**WHAT TO DO**
Transcribe exactly the lines that fall between the one holding "Michael Jackson Love" and the one holding "Home with brick", inclusive, from the entries below.

********

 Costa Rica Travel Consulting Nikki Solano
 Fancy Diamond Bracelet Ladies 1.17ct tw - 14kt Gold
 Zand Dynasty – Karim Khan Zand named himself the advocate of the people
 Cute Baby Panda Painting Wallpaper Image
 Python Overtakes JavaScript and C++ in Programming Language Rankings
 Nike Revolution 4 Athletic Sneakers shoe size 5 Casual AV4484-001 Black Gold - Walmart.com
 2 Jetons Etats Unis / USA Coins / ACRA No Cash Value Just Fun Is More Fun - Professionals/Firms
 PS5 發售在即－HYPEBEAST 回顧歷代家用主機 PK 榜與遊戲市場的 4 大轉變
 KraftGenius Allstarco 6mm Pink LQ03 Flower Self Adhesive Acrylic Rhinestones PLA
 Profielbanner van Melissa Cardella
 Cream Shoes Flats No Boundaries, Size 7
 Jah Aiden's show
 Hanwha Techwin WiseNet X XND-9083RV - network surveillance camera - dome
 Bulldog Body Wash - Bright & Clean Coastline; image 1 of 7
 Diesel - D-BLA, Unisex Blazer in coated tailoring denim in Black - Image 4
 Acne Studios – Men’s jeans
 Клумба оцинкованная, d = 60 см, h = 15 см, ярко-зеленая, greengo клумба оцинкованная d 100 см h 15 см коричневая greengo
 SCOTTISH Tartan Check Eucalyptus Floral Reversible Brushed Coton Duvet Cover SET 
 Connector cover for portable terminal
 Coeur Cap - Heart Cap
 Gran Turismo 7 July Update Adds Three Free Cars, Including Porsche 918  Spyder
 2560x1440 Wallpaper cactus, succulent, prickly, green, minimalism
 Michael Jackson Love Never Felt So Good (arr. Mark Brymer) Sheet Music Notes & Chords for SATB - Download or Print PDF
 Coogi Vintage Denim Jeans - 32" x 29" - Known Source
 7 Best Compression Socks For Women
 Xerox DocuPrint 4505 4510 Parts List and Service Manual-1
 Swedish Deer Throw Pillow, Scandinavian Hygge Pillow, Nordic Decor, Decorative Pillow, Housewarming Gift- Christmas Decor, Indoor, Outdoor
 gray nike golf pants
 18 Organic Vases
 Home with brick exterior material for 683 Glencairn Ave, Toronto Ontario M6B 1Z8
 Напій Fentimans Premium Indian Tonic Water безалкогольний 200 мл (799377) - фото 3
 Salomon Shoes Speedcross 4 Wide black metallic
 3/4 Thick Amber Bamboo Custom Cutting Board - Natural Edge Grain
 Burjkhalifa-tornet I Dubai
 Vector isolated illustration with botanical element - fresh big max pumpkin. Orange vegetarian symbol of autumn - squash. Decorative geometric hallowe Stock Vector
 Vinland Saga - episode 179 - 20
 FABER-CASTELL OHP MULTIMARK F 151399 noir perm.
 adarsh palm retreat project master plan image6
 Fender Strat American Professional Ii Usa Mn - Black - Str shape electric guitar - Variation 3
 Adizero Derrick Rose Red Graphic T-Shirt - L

********

**YOUR RESPONSE**
 Michael Jackson Love Never Felt So Good (arr. Mark Brymer) Sheet Music Notes & Chords for SATB - Download or Print PDF
 Coogi Vintage Denim Jeans - 32" x 29" - Known Source
 7 Best Compression Socks For Women
 Xerox DocuPrint 4505 4510 Parts List and Service Manual-1
 Swedish Deer Throw Pillow, Scandinavian Hygge Pillow, Nordic Decor, Decorative Pillow, Housewarming Gift- Christmas Decor, Indoor, Outdoor
 gray nike golf pants
 18 Organic Vases
 Home with brick exterior material for 683 Glencairn Ave, Toronto Ontario M6B 1Z8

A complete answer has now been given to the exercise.